(photo credit: Spencer Ackerman)
US military crusade chronicler Spencer Ackerman has written a long, thoughtful treatment of the issues and players wrestling over the tough calls President Obama must soon make on America’s course in Afghanistan. It’s titled “The Decision” and appears in The National.
I strongly recommend reading the entire piece, but here is a chunk I wanted to share:
The Bush administration viewed Afghanistan as a nation-building sinkhole that distracted from the war it wanted to fight. Accordingly, the military prioritised Iraq, and so no talented officer had any incentive to innovate in Afghanistan. The Democratic Party, all the way up to Barack Obama, insisted that Afghanistan was the truly necessary war, and turned it into a cudgel to be used against the Iraq war. American Journalists made careers in Iraq and barely asked for embeds in Afghanistan; their editors ticked the box by running an annual short feature, usually about how Afghanistan was the “forgotten war”. There was no critical thought from anyone about arresting Afghanistan’s deterioration, and half-true clichés about a “Graveyard of Empires” accumulated. That was the brittle architecture underlying the national consensus about Afghanistan. Without the supporting wall of Iraq, it has now collapsed.

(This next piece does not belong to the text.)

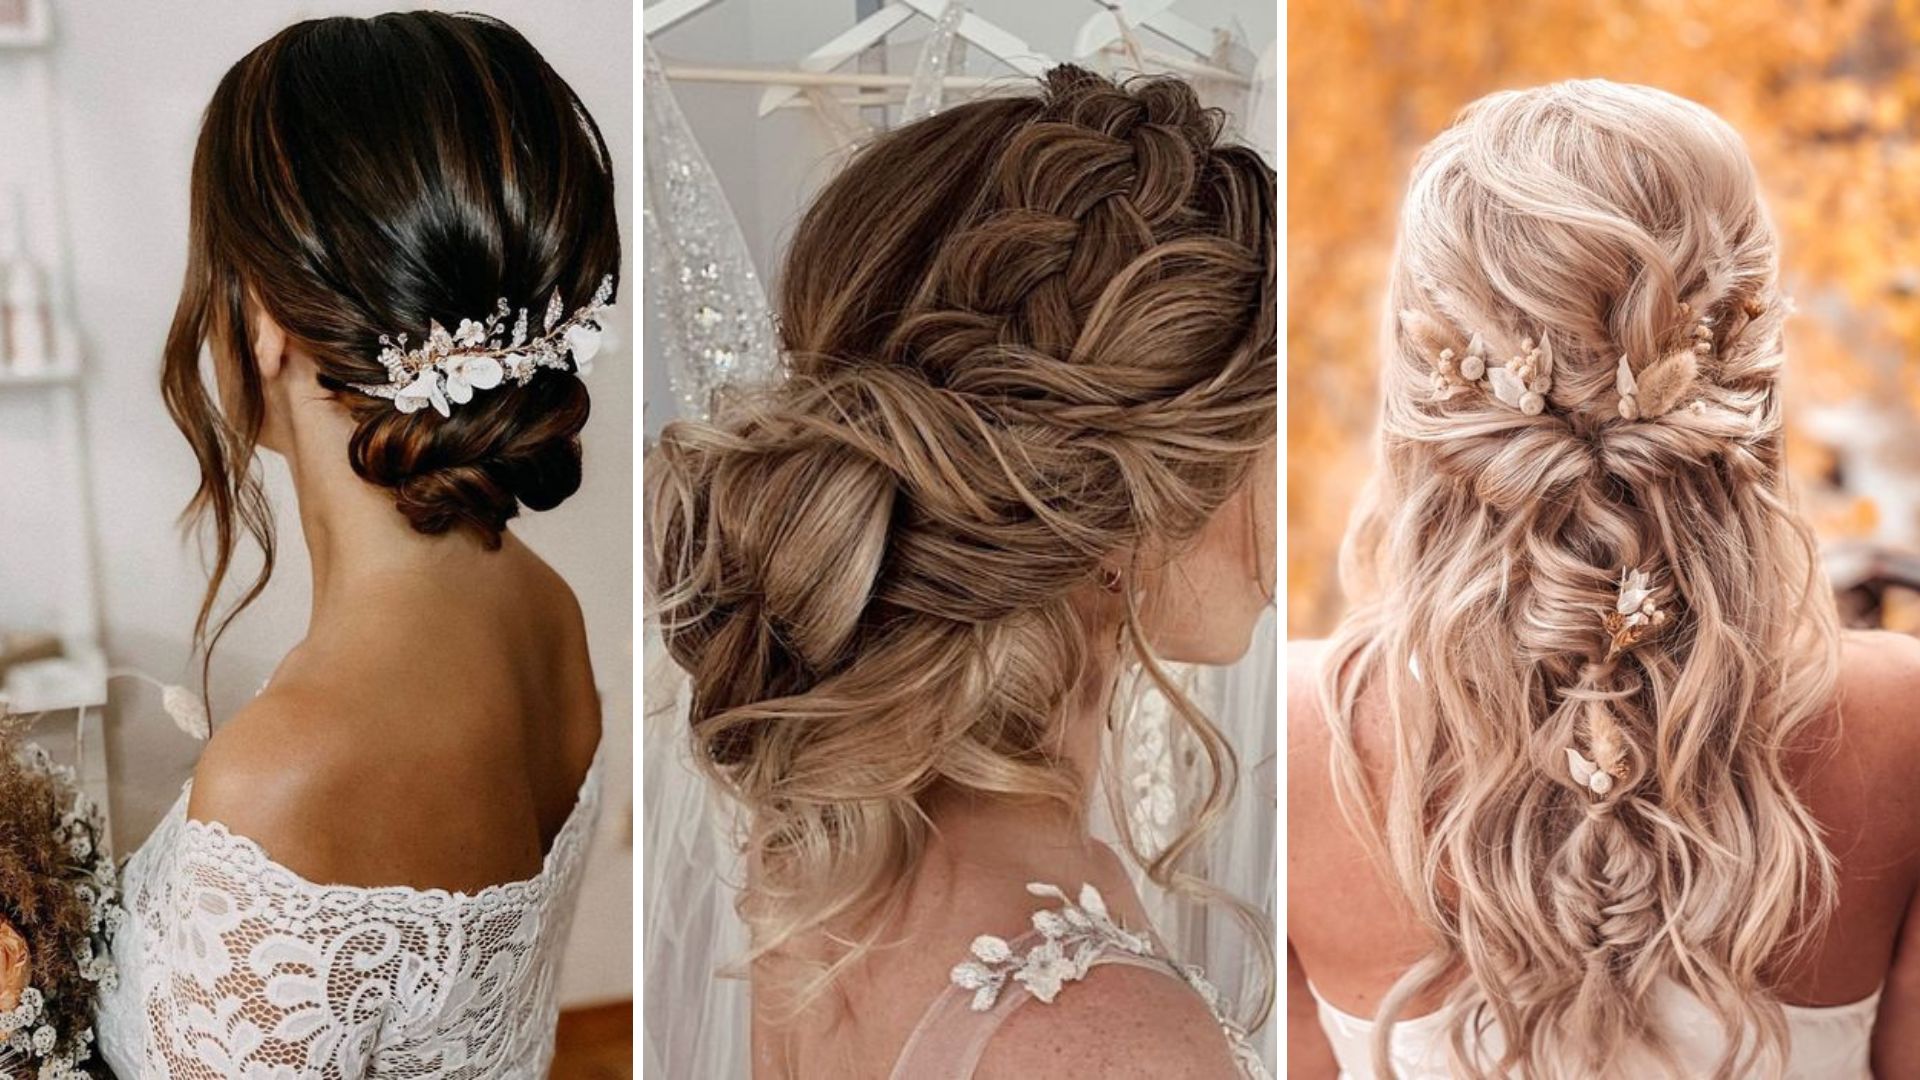 14 Wedding Hairstyles to Make Your Dream Wedding a Reality
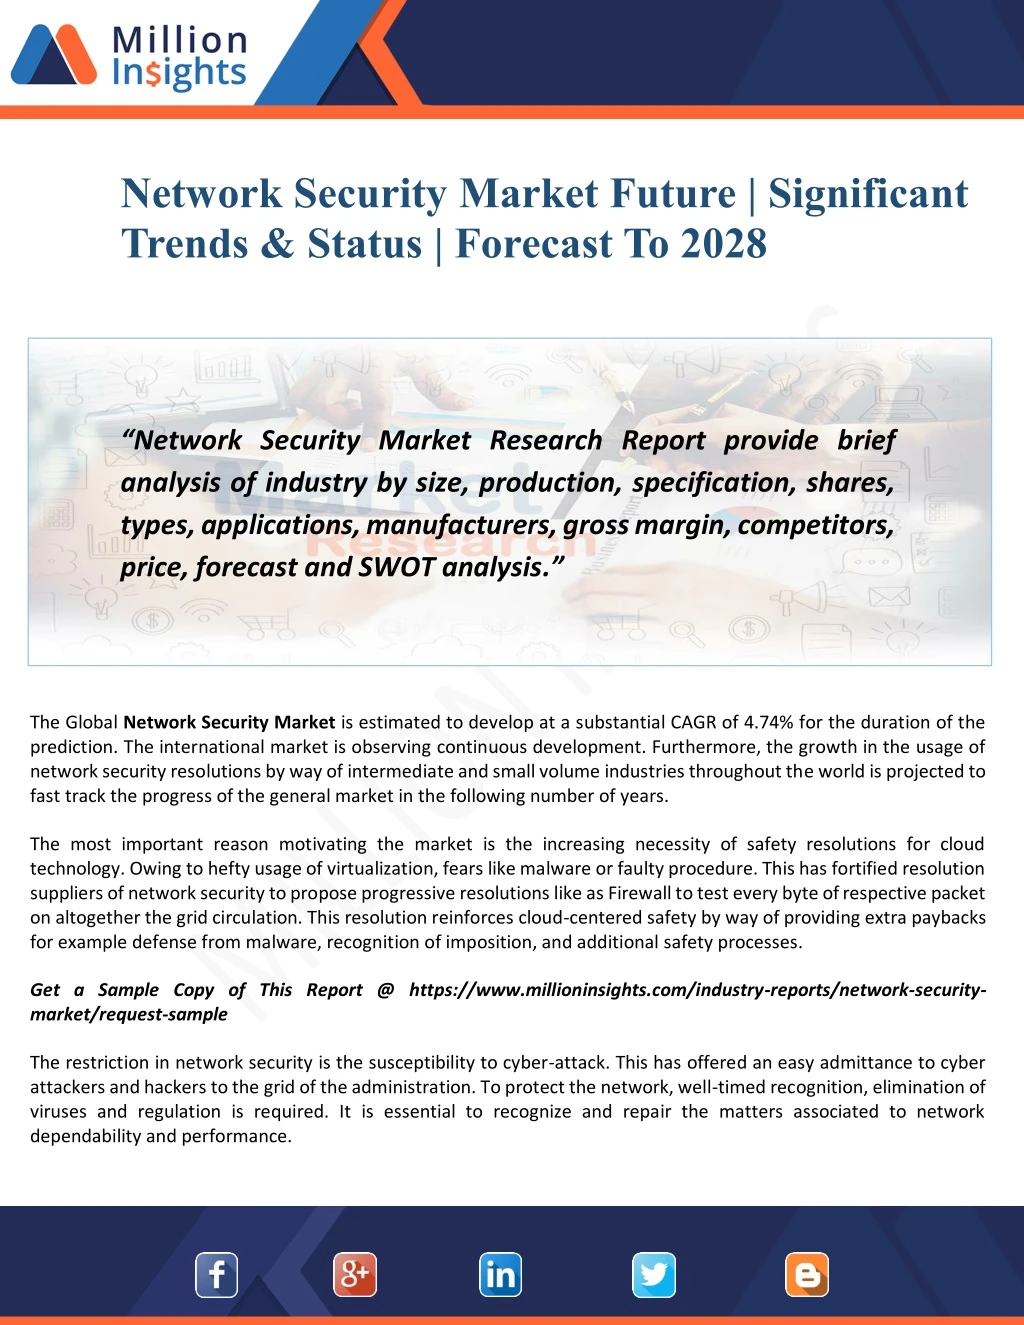 network security market future significant trends

Out of its wreckage, Obama will make two critical decisions in the coming weeks: whether a counterinsurgency strategy in Afghanistan is suitable for the country’s woes; and whether a second troop increase in the span of a year is required to wage it. Obama’s advisers, military and civilian, are locked in a debate over how to provide an alternative to Holbrooke’s admission. Some, like Vice President Joseph Biden, contend that the complexities of counterinsurgency are both insurmountable and unmoored from the stated goal of removing al Qa’eda as a security threat. Others, like Generals David Petraeus and Stanley McChrystal, contend that the United States has already spent eight years attacking al Qa’eda and senior Taliban leaders without regard for the conditions in Afghanistan and Pakistan that the militants exploit to retain support.
But there is another debate layered on top of that one, both inside the administration and across the Washington foreign-policy community in general. That debate is about the meaning of the Afghanistan war and the scope of American commitment to it. But it is also about what lessons to draw from the Iraq war, and whether they can be exported to Afghanistan.
All of the ideological attention in Washington previously committed to Iraq is now flooding into Afghanistan – or at least to the simulacrum of Afghanistan that exists in Washington. That still-congealing ideology forms the prism through which Obama’s ultimate decisions will be viewed. What was once a relatively simple (though operationally complex) mission to avenge the September 11 attacks has since been overtaken by theories about how to establish lasting peace and stability in Afghanistan and Pakistan. If those theories are correct, the United States may endure a period of bloody hardship but reap the benefits of radically diminishing the threat of al Qa’eda. If not, it will court disaster.
I spoke today to one of the nation’s very top analysts of affairs in Afghanistan and Pakistan and this person made the point that whereas the military establishment fired a general in the course of the war and has tried to push reset to deal with realities on the ground as they have found them — whether one believes in the course the Pentagon is taking or not — the political strategy is simply missing, ad hoc, seemingly without strategic depth. This person asked how the administration could not have planned for the election scenarios, fraud, and general mismanagement of the civil society scene during these last few months.
And this person has generally been strongly supportive of both US military and non-military engagement in Pakistan and Afghanistan — but this person echoes my own sentiments that the administration is confused, disoriented, and multi-headed about what to do in Afghanistan.
After eight years of inertia-driven engagement, it’s time to work out a new strategy and endgame.